Julia Elbaba
- Country (sports): United States
- Residence: Oyster Bay, United States
- Born: June 13, 1994 (age 31) Mineola, United States
- Height: 1.65 m (5 ft 5 in)
- Turned pro: 2016
- Plays: Right-handed (two-handed backhand)
- Prize money: $48,010

Singles
- Career record: 87–91
- Career titles: 1 ITF
- Highest ranking: No. 372 (August 14, 2017)

Doubles
- Career record: 41–59
- Career titles: 0
- Highest ranking: No. 301 (November 19, 2018)

= Julia Elbaba =

American tennis player and sports journalist

Julia Elbaba (born June 13, 1994) is an American former tennis player.

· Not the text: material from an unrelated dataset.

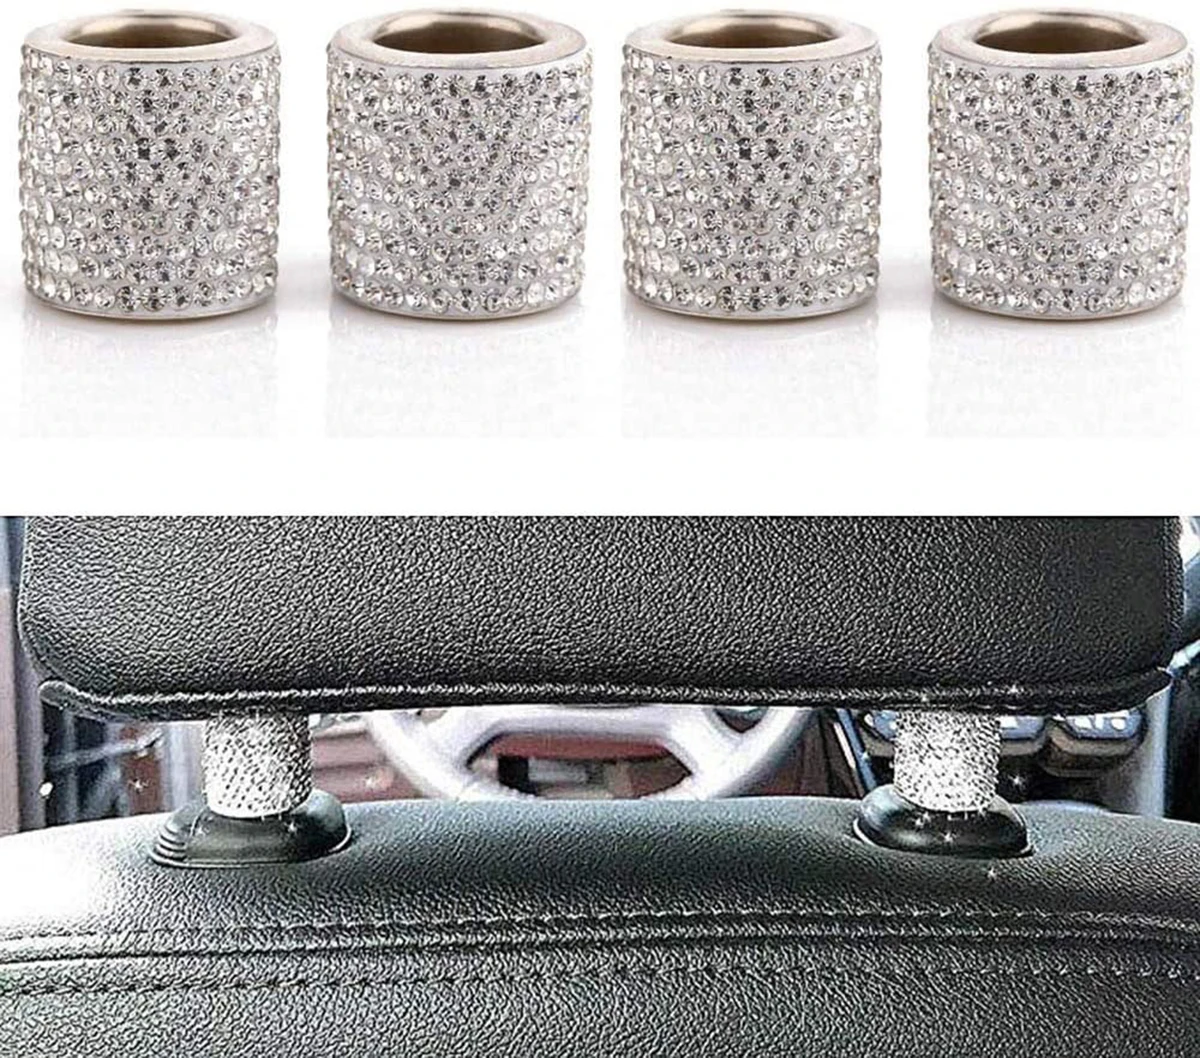 

4 Pcs Car Headrest Collars Car Head Rest Collars Rings Decor Bling Bling Crystal Diamond Ice for SUV Truck Interior Decoration

Elbaba has career-high WTA rankings of 372 in singles and 301 in doubles.
She made her WTA Tour main-draw debut at the 2019 Dubai Tennis Championships in the doubles draw partnering Alena Fomina.

Elbaba has one ITF singles title, won in 2012 in New Orleans.

Elbaba is currently a journalist at NBC with a focus on tennis. She also covers the NBA, MLB, NFL, soccer and the Olympics. She started her media career at Newsday, covering New York professional sports and Long Island high school sports.